Question

The locus of a point which divides the line segment joining the focus and any point on the parabola \(y^2 = 12x\) in the ratio \(m:n\) (\(m+n \ne 0\)) is a parabola. Then the length of the latus rectum of that parabola is

• A. \(\frac{m}{m+n}\)
• B. \(\frac{12m}{m+n}\)
• C. \(\frac{m}{12(m+n)}\)
• D. \(\frac{n}{12(m+n)}\)

Hint:

When finding a locus involving a parameter (like \(t\)), express the coordinates \((h,k)\) in terms of \(t\), then solve one equation for \(t\) and substitute into the other to eliminate it.

Answer 1

The Correct Option is B

Step 1: Coordinates of Focus and Point on Parabola:
Parabola: \(y^2 = 12x \implies 4a = 12 \implies a = 3\). Focus \(S(3, 0)\). Let \(P(at^2, 2at) = (3t^2, 6t)\) be any point on the parabola.
Step 2: Apply Section Formula:
Let \(Q(h, k)\) be the point dividing \(SP\) in the ratio \(m:n\). \[ h = \frac{m(x_P) + n(x_S)}{m+n} = \frac{m(3t^2) + n(3)}{m+n} \] \[ k = \frac{m(y_P) + n(y_S)}{m+n} = \frac{m(6t) + n(0)}{m+n} = \frac{6mt}{m+n} \]
Step 3: Eliminate Parameter t:
From the k-equation: \(t = \frac{k(m+n)}{6m}\).
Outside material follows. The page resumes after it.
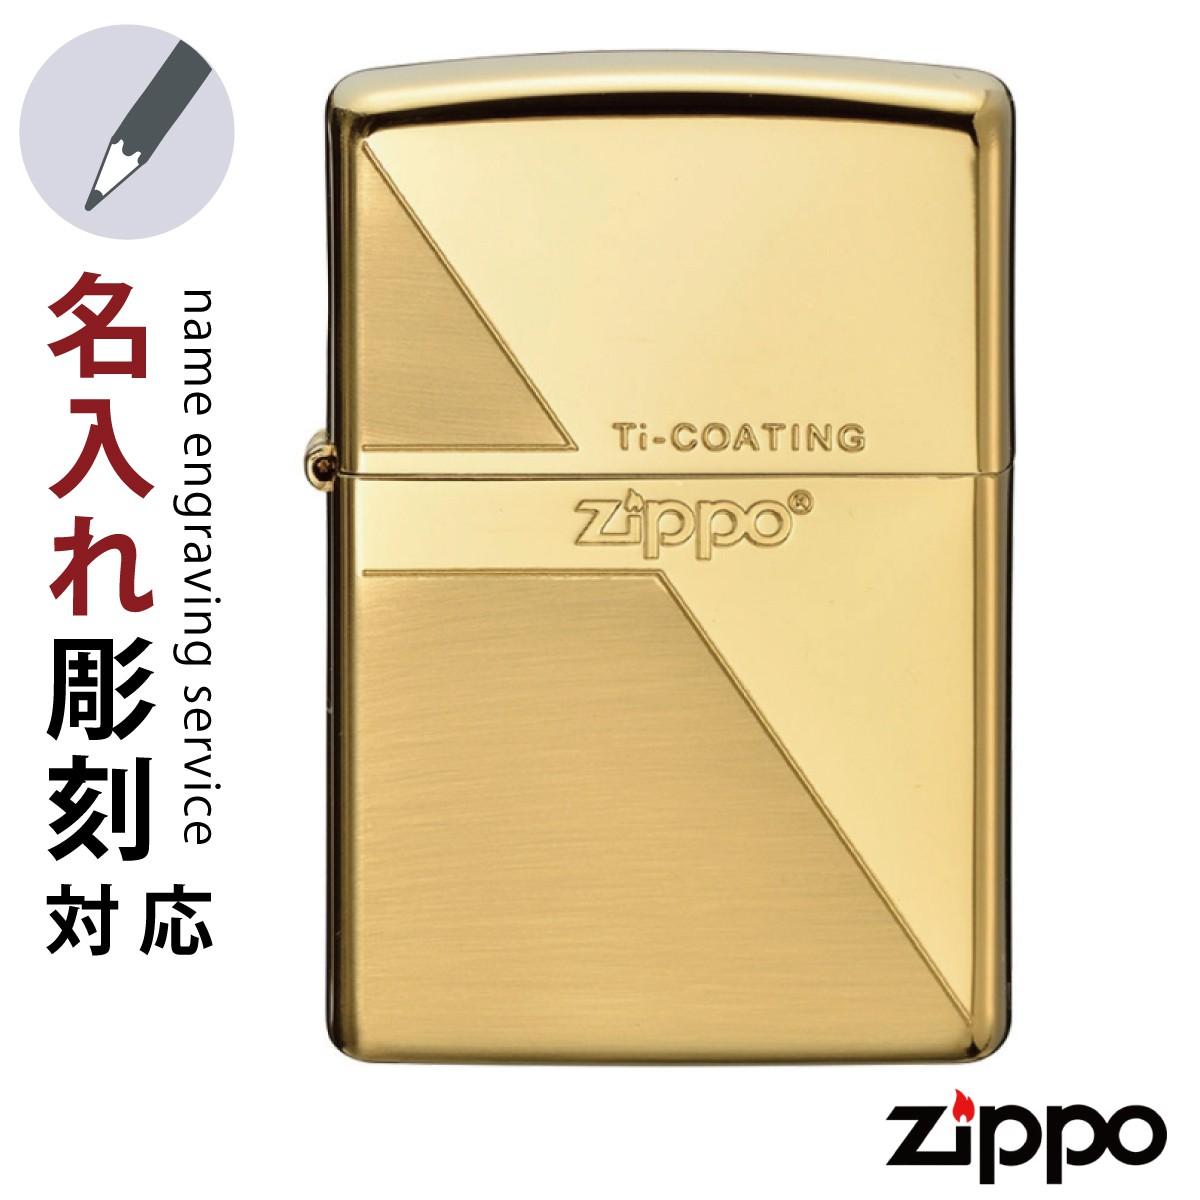 zippo ジッポー ライター Zippoライター ジッポライター 金チタンZ #1 名入れ ギフト

Substitute into the h-equation: \[ h = \frac{3m}{m+n} \left( \frac{k(m+n)}{6m} \right)^2 + \frac{3n}{m+n} \] \[ h - \frac{3n}{m+n} = \frac{3m}{m+n} \cdot \frac{k^2 (m+n)^2}{36m^2} \] \[ h - \frac{3n}{m+n} = \frac{k^2 (m+n)}{12m} \] Rearranging to form \(Y^2 = 4AX\): \[ k^2 = \frac{12m}{m+n} \left( h - \frac{3n}{m+n} \right) \]
Step 4: Identify Latus Rectum:
The equation is of the form \(y^2 = 4A(x - x_0)\). The length of the latus rectum is the coefficient \(4A\). \[ \text{Length of LR} = \frac{12m}{m+n} \]